--- START ---

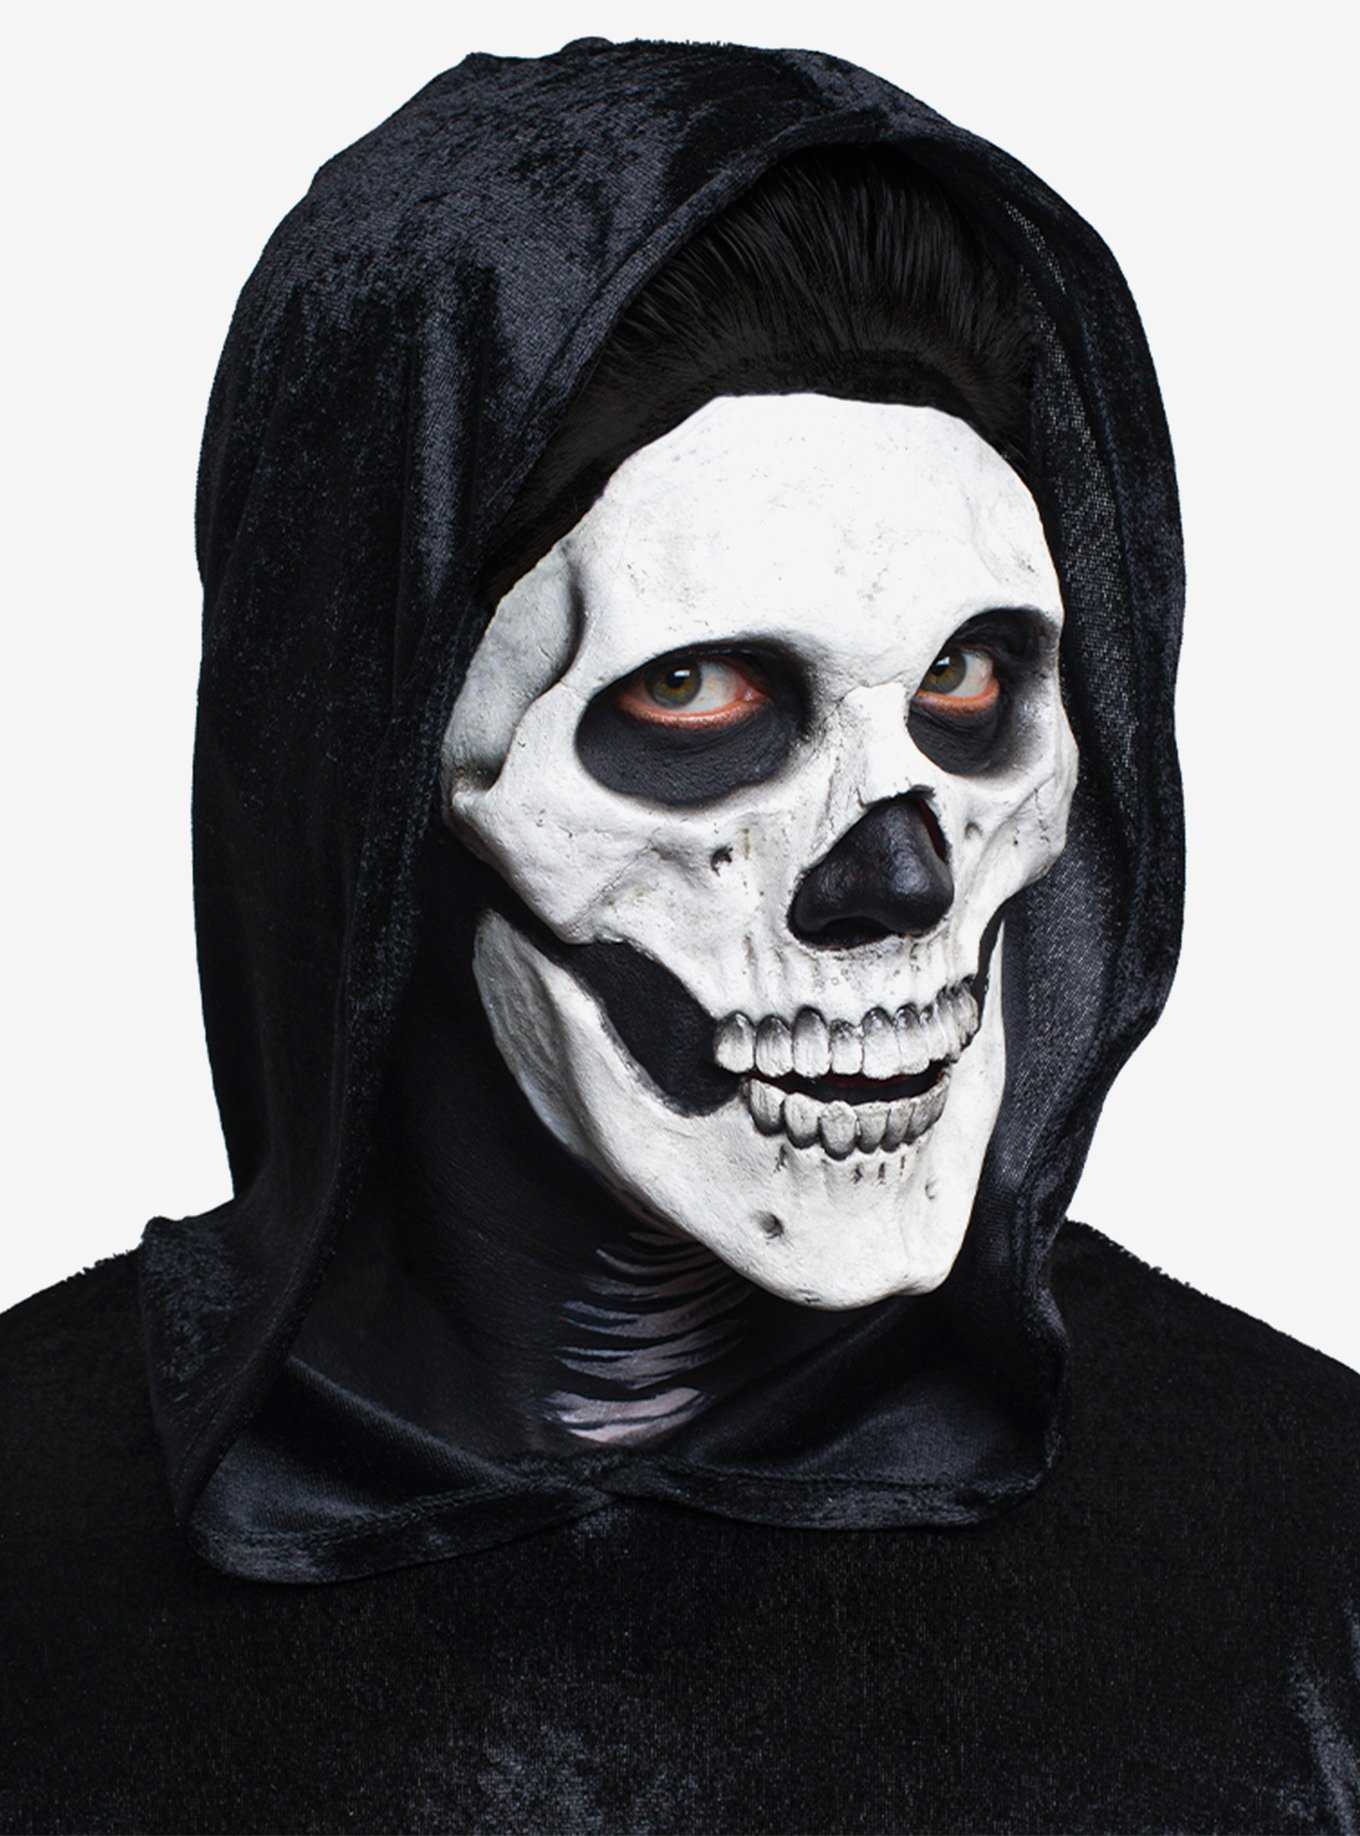 Skull Prosthetic Mask, , hi-res
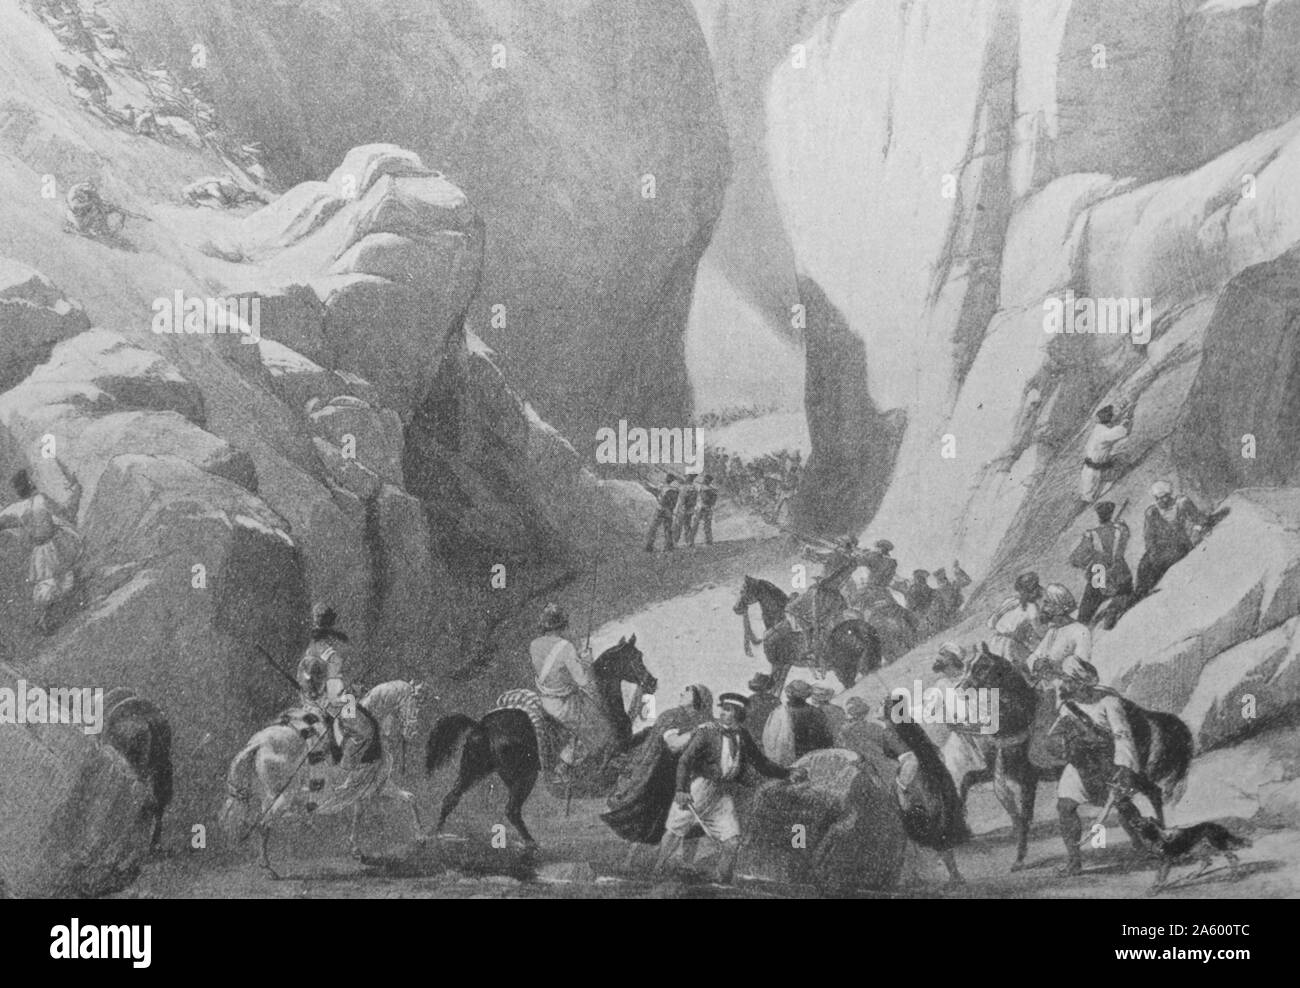 La gente delle montagne: mostra l'influenza dell'ambiente di carattere da Alexander Johnston (1815-1891) un pittore scozzese, noto per il genere e la storia dipinti. Datata del XIX secolo Foto Stock
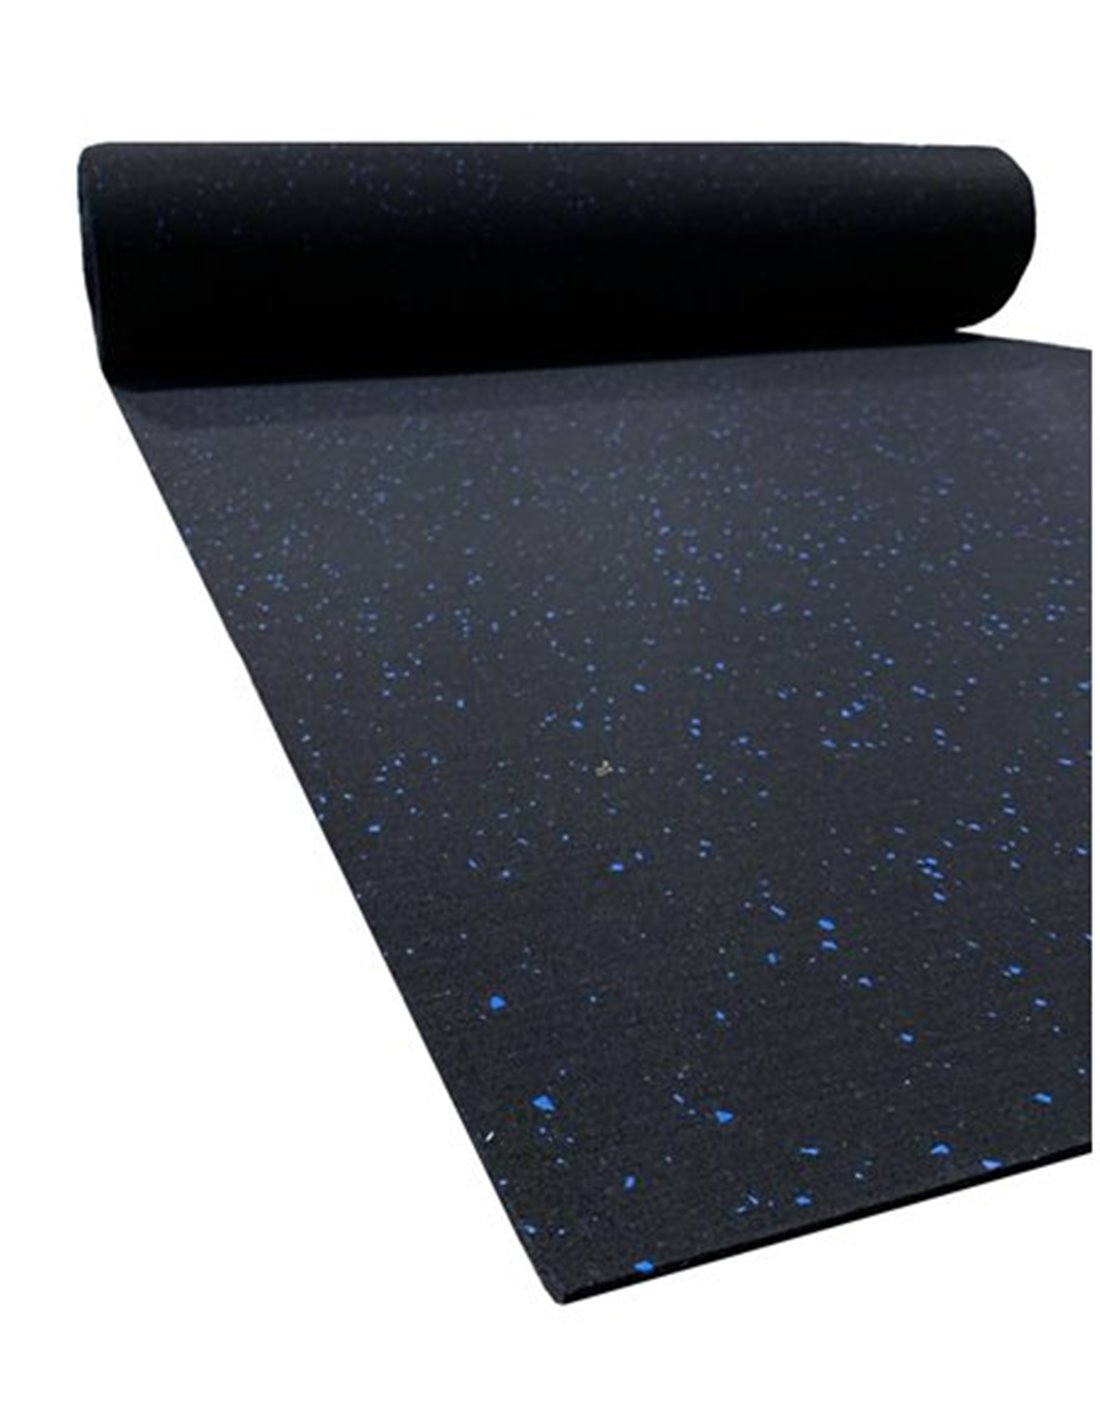 La foto del suelo de goma azul del gimnasio con la sombra de un

--- END ---

Write out the data above in full and exactly, but without the pictures.

Result for this exercise →
 Skull Prosthetic Mask, , hi-res
 La gente delle montagne: mostra l'influenza dell'ambiente di carattere da Alexander Johnston (1815-1891) un pittore scozzese, noto per il genere e la storia dipinti. Datata del XIX secolo Foto Stock
 La foto del suelo de goma azul del gimnasio con la sombra de un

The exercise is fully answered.